Sunday, 19 October 2014


1 She offers a gateway into darkness and the entrance to her cave,
Uaigh na gCat, Owenygat, in Co. Roscommon.

Owenygat : photo ©

2 Two mounds near Brú na Bóinne known collectively in mythology as Mur na Morrigna,
‘The Wall of the Mór-Ríoghain or Great Queen’ and later as Da Cich na Mórrigna,
'Two Paps of the Mórrigan'.
One text names these mounds individually as cirr & cuirrel,  comb and brush of
the Dagdha’s wife. Today they are referred to as satellite mounds K and L, passage graves
which contain decorated stones. 
Below them stands the stone known as the Lia Fáil on the Hill of  Tara, Co. Meath
where the Mórrigan resided for a time.
The stone now commemorates the graves of the Croppy Boys of 1798.

Paps of Anu, Co. Kerry.

3 Da Chích Anann, the Paps of the Goddess Anu, who was associated with the Mórrigan.
Between the mountains lie Gleannfreagham, 'The Glen of the Ravens'.
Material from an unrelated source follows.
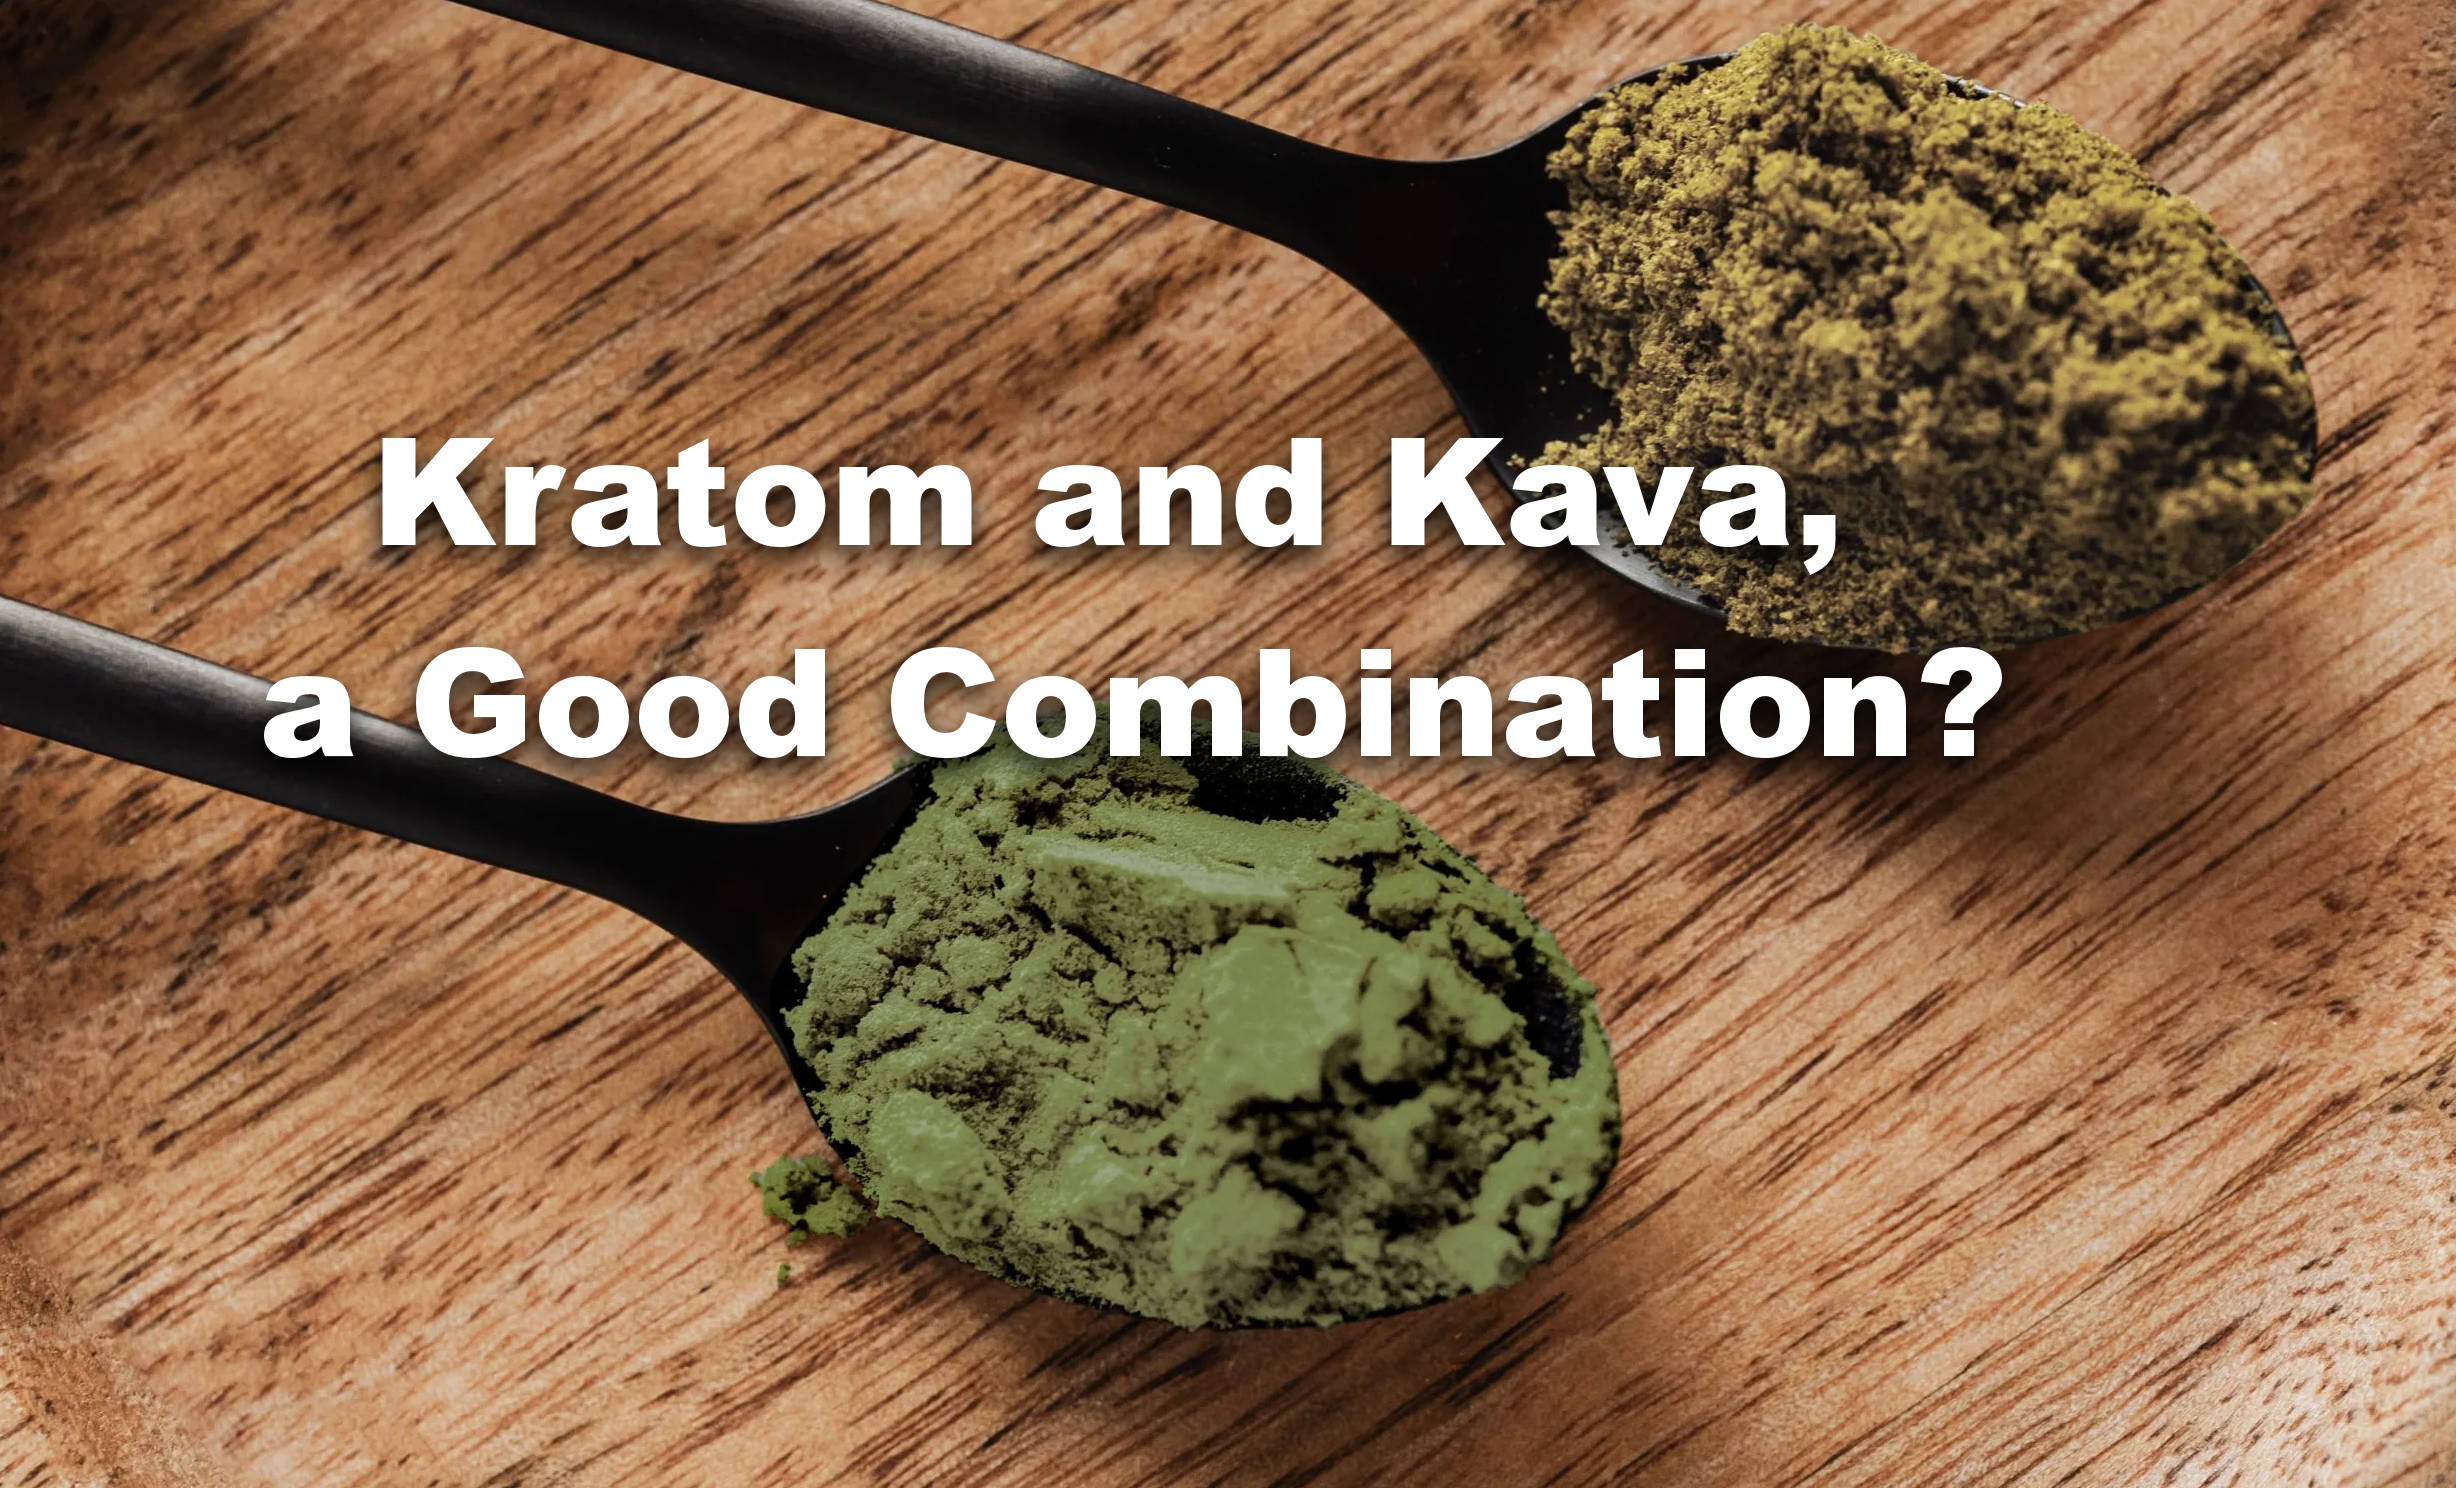 You are currently viewing Kratom and Kava, a Good Combination?
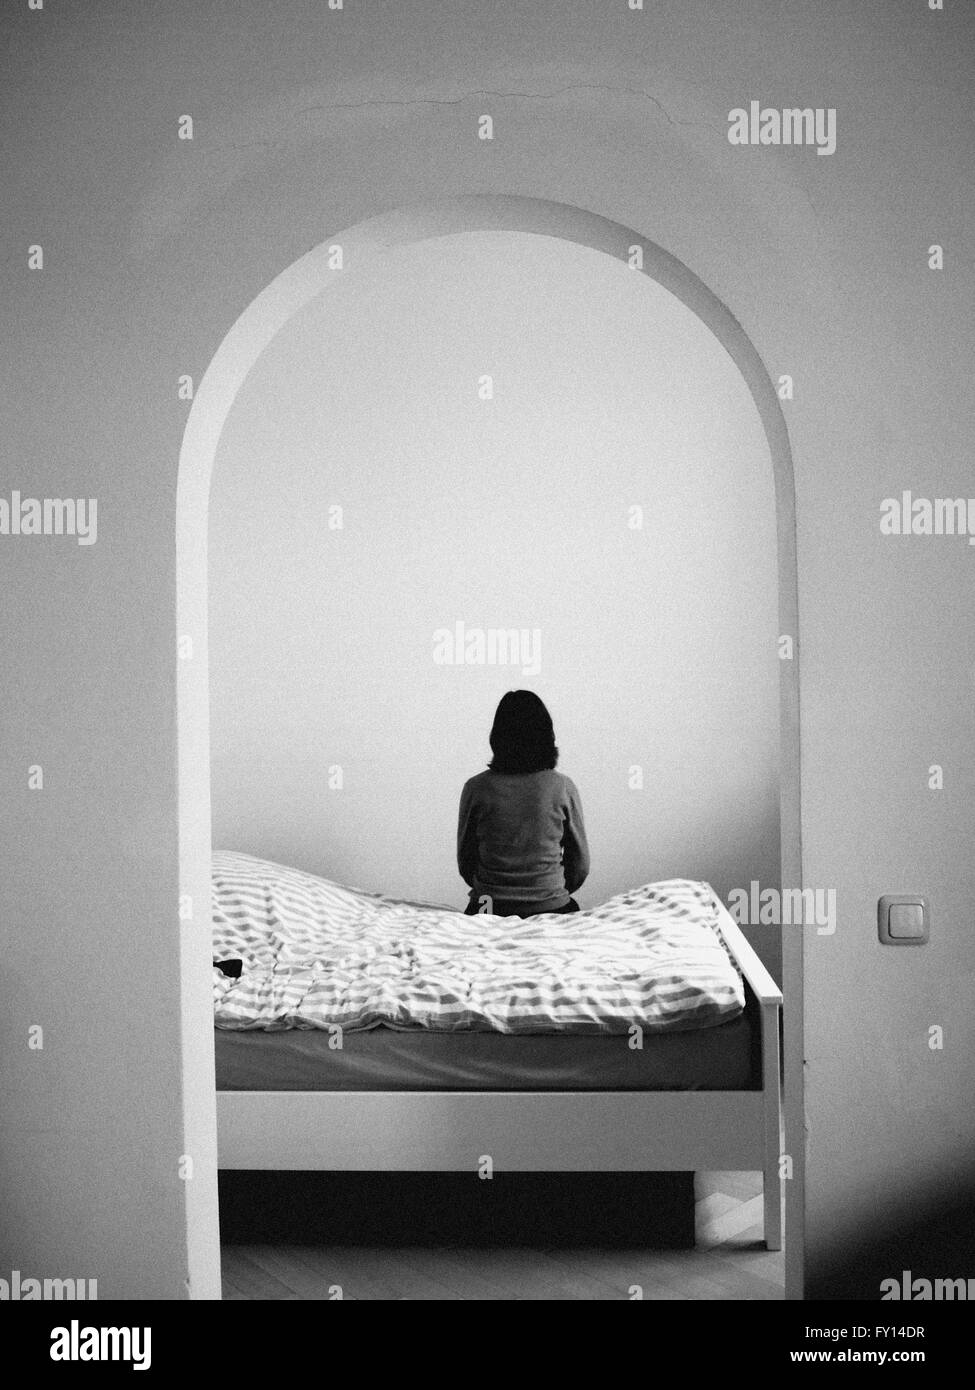 Rear view of woman sitting on a bed Stock Photo

4 Below the Paps is Gort-na-Morrigna, Mórrigan’s field, Co. Louth, which in Irish mythology
was the gift given to the Mórrigan by her husband, the Dagdha.

Drombeg: photo © Megalithic
5 Several fulacht or ancient cooking places within the landscape are known as Fulacht na Morrigna,
Mórrigans' hearth. When the Goddess resided at Tara her cooking spit was famous for its' size
and ability to hold and cook three sorts of food at one time.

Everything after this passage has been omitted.